# What is this?



## windyridgebowman (Mar 6, 2014)

I can't figure out what this is, only had a small piece, and had it cut up before I realized it wasn't beech. It's hard, tight grained, the bark looks like dogwood, and is thin 1/4 inch or less.. It has a pinkish brown and yellow color. It's hard to see the end grain for the spalting.

Reactions: Like 1 | EyeCandy! 1 | Way Cool 1


----------



## phinds (Mar 7, 2014)

Charles, ya got me. Could be any number of things. I hope someone will recognize the bark. The only thing I know about bark is that it's that stuff that keeps the trees from being naked.

Reactions: Like 1


----------



## Final Strut (Mar 7, 2014)

The wood looks a bit like some spalted sycamore I have. I have no idea what sycamore bark looks like though.


----------



## phinds (Mar 7, 2014)

I don't see any chance that this is sycamore.

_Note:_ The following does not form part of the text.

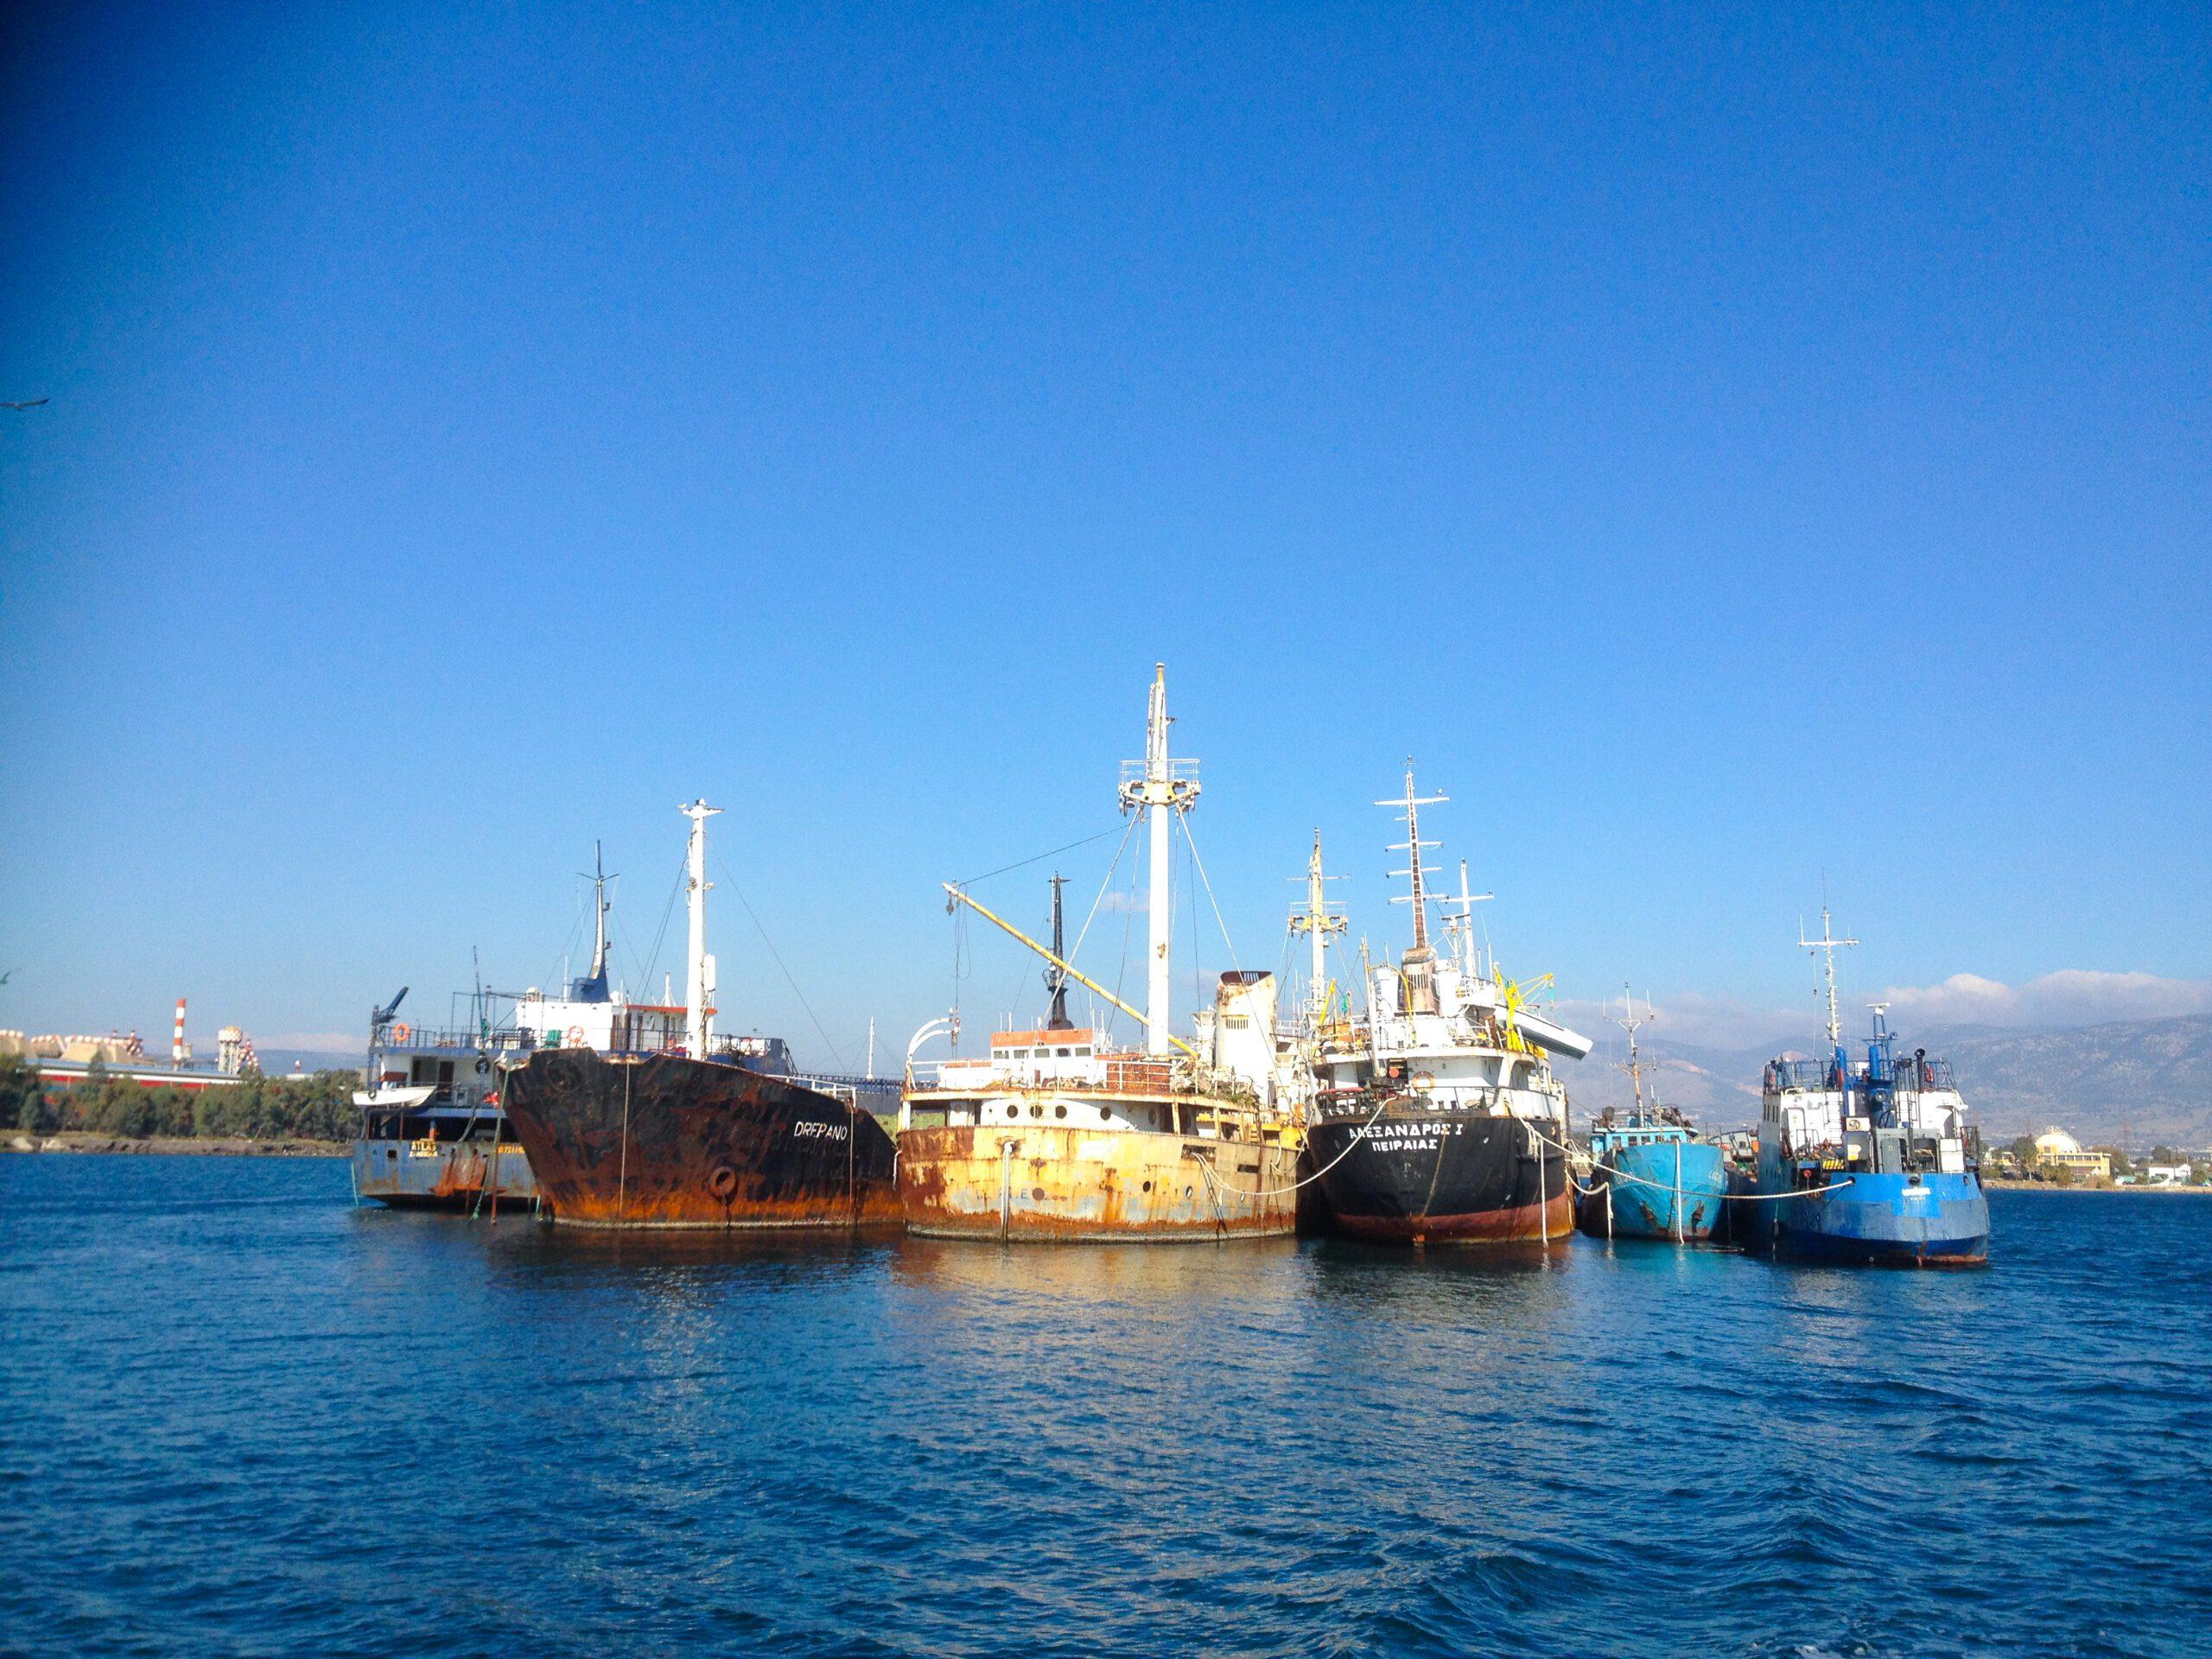 Συγκρότηση Επιτροπής Τεχνικών Συμβούλων του ΟΛΕ ΑΕ για την ανέλκυση επικίνδυνων πλοίων και ναυαγίων

I don't know much about tree bark, but that doesn't look like sycamore (Although I've been fooled once before on older sycamore trees, when the bark looks different that what I'm used to).


----------



## Nate Bos (Mar 7, 2014)

The bark looks like it is probably a fruit tree, my guess is pear?


----------



## DRW (Mar 13, 2014)

I got some wood from a friend in TN that looked like this without the spalting, and it was from a plum tree.


----------



## LemonadeJay (Mar 14, 2014)

It looks like this spalted dogwood I put into the WB auction.


----------



## Blueglass (Mar 14, 2014)

I think it's called purty wood.


----------



## windyridgebowman (Apr 13, 2014)

I think dogwood is it, or it is. The bark matches up.


----------



## Molokai (Apr 13, 2014)

Probably fruit tree, apple maybe ?


----------